Minimum Viable Documentation – How Much is Enough?
In Agile product management, the execution team’s primary purpose is to ship working software every two weeks. Documentation, whether it be wireframes, process flows, or experience maps, exists to get stakeholders aligned and continue forward movement. At Revelry, this is how we get our stakeholders aligned faster, keep everyone on the same page, and utilize just enough documentation.
The Kickoff Meeting
At the start of a major sprint, we organize a kickoff meeting and invite all stakeholders, including clients, designers, and engineers to review user stories, their business value, and the lists of acceptance criteria.
Here’s an experience map one of our teams collectively sketched out at the start of a sprint for Kickoff, a product we are building in-house to make it easier for agile dev shops to get projects started faster and more painlessly:
In another world, this deliverable would have been produced in a drawn-out 3-week structured accelerated visioning engagement, with endless client meetings and unproductive back-and-forth. Here at Revelry, we focus on getting to the right idea or feature set first. As a result, the product owner is able to align the design and engineering teams on the sprint’s goals quickly and effectively, leaving more time for actual work to get done.
During the Sprint
No matter how good your requirements gathering sessions are, there are always questions, new ideas, and thoughts that pop up during a sprint. In fact, we encourage an iterative style of software development and maintain a commitment to shipping the best product we can, a philosophy that keeps us flexible and decisive during implementation.
We also do everything possible to make sure there is active involvement not only from the client throughout each sprint, but also internally within the execution team. True to agile, we meet every morning for daily stand ups and keep conversations flowing all day in project-specific Slack channels.
So, what happens when someone gets stuck?
The typical workflow involves an engineer building out basic functionality and passing off a branch to a designer to apply styles, or a designer stubbing out screens for engineers to implement functionality after.
Similarly, engineers often need more details to implement a feature. The following shows a user story that has initial guidance laid out and the real time requirements gathering that followed:
Seeing a gap in the initial acceptance criteria, I took the time to outline specific scenarios and the appropriate interactions we would need to effectively code up this feature, all the while keeping the client up-to-date on our latest thinking.

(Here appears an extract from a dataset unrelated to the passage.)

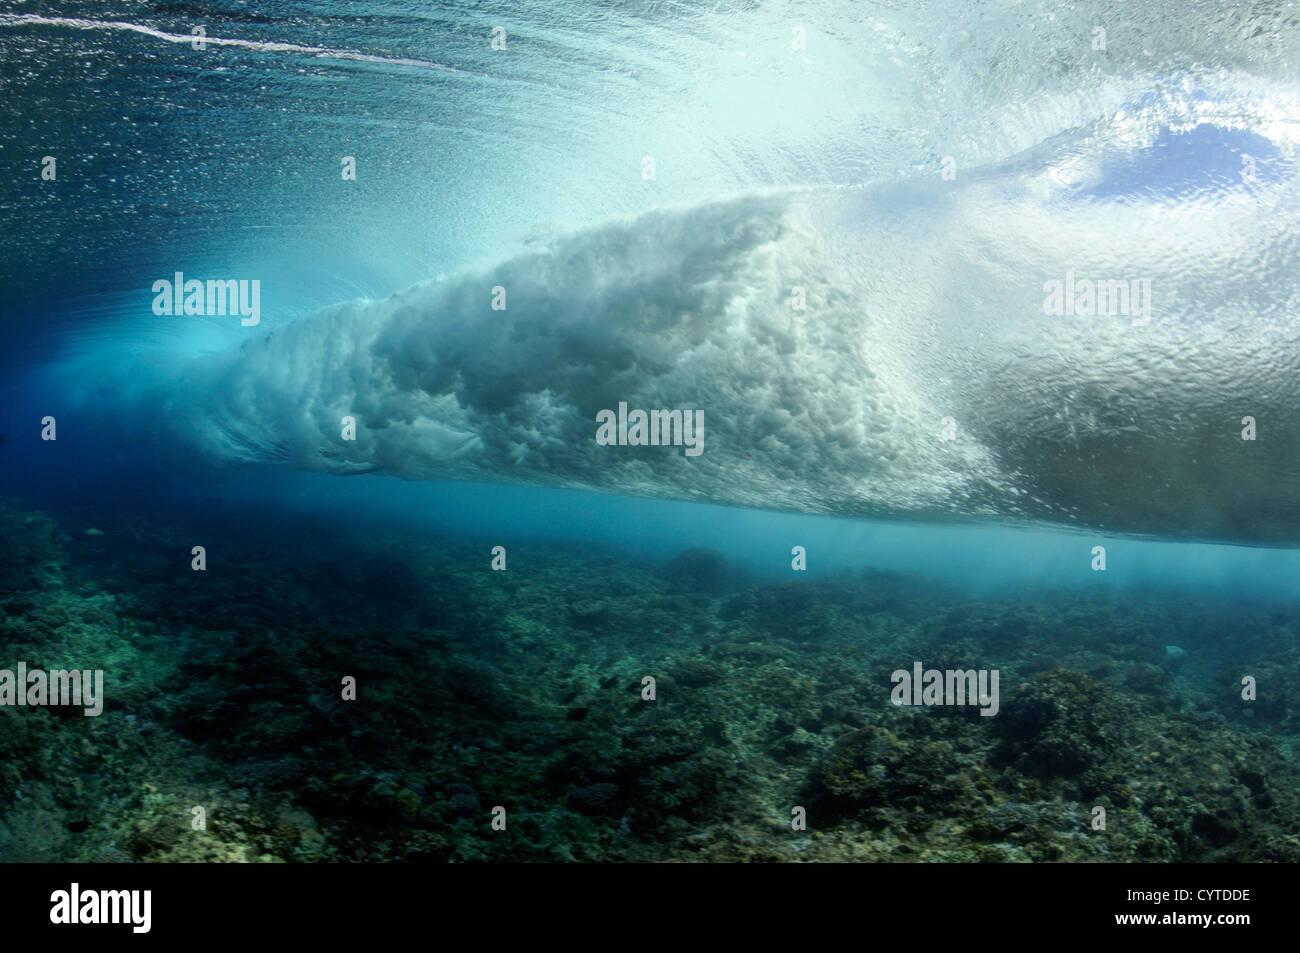 Déferlement des vagues sur le récif, vue de dessous la surface, Palikir, Pohnpei, États fédérés Photo Stock

The best feedback and the ultimate realignment happens when you put an experience in front of users. The more time you have to code, the more complete an experience is, the better the feedback you will get. So, with a commitment to ship the best product, we do everything we can do maintain forward velocity.
Coming from a big upfront design world, I still have great confidence in bringing together smart people to exhaustively think through business goals, process flows, use cases, etc. The issue here, though, especially in today’s world of constant change, is that we can never figure it out all at once. So the intent isn’t to be less comprehensive, but to create just enough documentation to get the job done at the highest standard of quality. We can get 95% there once, but as soon as the brain trust disbands and e-mails take weeks to return, while user research upends the entire product — what then?
Just enough documentation is about committing to getting there 100%, time and time again.